**** SUPPLIED MATERIAL ****

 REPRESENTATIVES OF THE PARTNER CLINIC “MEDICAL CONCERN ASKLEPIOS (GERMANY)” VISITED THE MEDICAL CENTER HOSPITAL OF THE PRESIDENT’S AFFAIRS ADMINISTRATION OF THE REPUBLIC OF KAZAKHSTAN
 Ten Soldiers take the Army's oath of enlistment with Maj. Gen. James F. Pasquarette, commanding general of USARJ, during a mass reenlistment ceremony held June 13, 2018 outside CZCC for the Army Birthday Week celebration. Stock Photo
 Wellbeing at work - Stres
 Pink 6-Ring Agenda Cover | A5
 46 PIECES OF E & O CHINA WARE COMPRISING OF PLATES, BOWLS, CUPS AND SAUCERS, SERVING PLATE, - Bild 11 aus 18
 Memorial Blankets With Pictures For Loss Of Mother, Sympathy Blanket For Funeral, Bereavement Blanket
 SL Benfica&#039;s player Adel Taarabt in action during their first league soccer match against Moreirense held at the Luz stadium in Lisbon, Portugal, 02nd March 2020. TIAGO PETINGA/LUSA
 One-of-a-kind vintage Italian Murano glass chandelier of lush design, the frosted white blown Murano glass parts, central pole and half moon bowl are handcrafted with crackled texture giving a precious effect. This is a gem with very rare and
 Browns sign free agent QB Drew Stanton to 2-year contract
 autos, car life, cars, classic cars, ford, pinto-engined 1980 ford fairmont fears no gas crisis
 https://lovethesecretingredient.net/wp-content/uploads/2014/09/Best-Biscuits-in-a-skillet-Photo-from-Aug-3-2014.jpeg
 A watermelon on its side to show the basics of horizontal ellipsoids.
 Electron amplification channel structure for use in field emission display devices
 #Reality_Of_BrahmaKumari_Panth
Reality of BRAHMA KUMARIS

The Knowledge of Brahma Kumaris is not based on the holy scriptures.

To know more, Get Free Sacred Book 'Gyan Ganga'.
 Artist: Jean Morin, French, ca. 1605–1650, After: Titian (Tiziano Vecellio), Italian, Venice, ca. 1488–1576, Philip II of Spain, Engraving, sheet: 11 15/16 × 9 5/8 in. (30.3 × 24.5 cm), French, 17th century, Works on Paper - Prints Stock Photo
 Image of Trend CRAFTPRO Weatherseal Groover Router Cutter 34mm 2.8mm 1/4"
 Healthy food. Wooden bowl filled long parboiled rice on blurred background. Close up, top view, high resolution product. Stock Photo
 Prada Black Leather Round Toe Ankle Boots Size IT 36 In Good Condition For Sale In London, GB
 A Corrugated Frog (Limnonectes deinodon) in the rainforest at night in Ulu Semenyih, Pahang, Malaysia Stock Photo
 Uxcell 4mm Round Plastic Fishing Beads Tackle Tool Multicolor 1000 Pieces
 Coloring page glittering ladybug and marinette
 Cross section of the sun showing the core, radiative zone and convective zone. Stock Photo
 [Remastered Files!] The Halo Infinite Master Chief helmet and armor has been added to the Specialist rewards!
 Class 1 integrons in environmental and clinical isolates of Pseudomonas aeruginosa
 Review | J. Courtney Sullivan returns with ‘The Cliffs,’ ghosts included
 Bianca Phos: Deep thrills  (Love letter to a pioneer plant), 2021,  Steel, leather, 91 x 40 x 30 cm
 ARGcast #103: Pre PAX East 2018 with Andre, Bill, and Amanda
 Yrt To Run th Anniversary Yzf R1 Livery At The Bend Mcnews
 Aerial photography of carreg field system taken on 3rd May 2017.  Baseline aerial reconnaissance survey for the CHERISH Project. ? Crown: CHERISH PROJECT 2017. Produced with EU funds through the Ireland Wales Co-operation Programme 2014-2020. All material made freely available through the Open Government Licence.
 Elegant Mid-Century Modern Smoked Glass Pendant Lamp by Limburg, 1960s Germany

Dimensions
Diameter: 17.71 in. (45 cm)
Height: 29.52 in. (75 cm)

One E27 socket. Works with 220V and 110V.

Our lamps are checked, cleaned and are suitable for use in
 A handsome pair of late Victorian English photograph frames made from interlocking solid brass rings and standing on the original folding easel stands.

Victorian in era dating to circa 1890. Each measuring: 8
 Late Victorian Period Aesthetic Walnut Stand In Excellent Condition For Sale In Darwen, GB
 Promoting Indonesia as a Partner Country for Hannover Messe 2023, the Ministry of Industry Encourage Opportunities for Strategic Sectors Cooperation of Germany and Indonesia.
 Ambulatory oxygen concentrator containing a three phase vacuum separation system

****

# THE TASK:
Only the lines from the one containing "Yrt To Run th" to the end of the records should be repeated, exactly as they appear.

# RESPONSE TO THE TASK:
 Yrt To Run th Anniversary Yzf R1 Livery At The Bend Mcnews
 Aerial photography of carreg field system taken on 3rd May 2017.  Baseline aerial reconnaissance survey for the CHERISH Project. ? Crown: CHERISH PROJECT 2017. Produced with EU funds through the Ireland Wales Co-operation Programme 2014-2020. All material made freely available through the Open Government Licence.
 Elegant Mid-Century Modern Smoked Glass Pendant Lamp by Limburg, 1960s Germany

Dimensions
Diameter: 17.71 in. (45 cm)
Height: 29.52 in. (75 cm)

One E27 socket. Works with 220V and 110V.

Our lamps are checked, cleaned and are suitable for use in
 A handsome pair of late Victorian English photograph frames made from interlocking solid brass rings and standing on the original folding easel stands.

Victorian in era dating to circa 1890. Each measuring: 8
 Late Victorian Period Aesthetic Walnut Stand In Excellent Condition For Sale In Darwen, GB
 Promoting Indonesia as a Partner Country for Hannover Messe 2023, the Ministry of Industry Encourage Opportunities for Strategic Sectors Cooperation of Germany and Indonesia.
 Ambulatory oxygen concentrator containing a three phase vacuum separation system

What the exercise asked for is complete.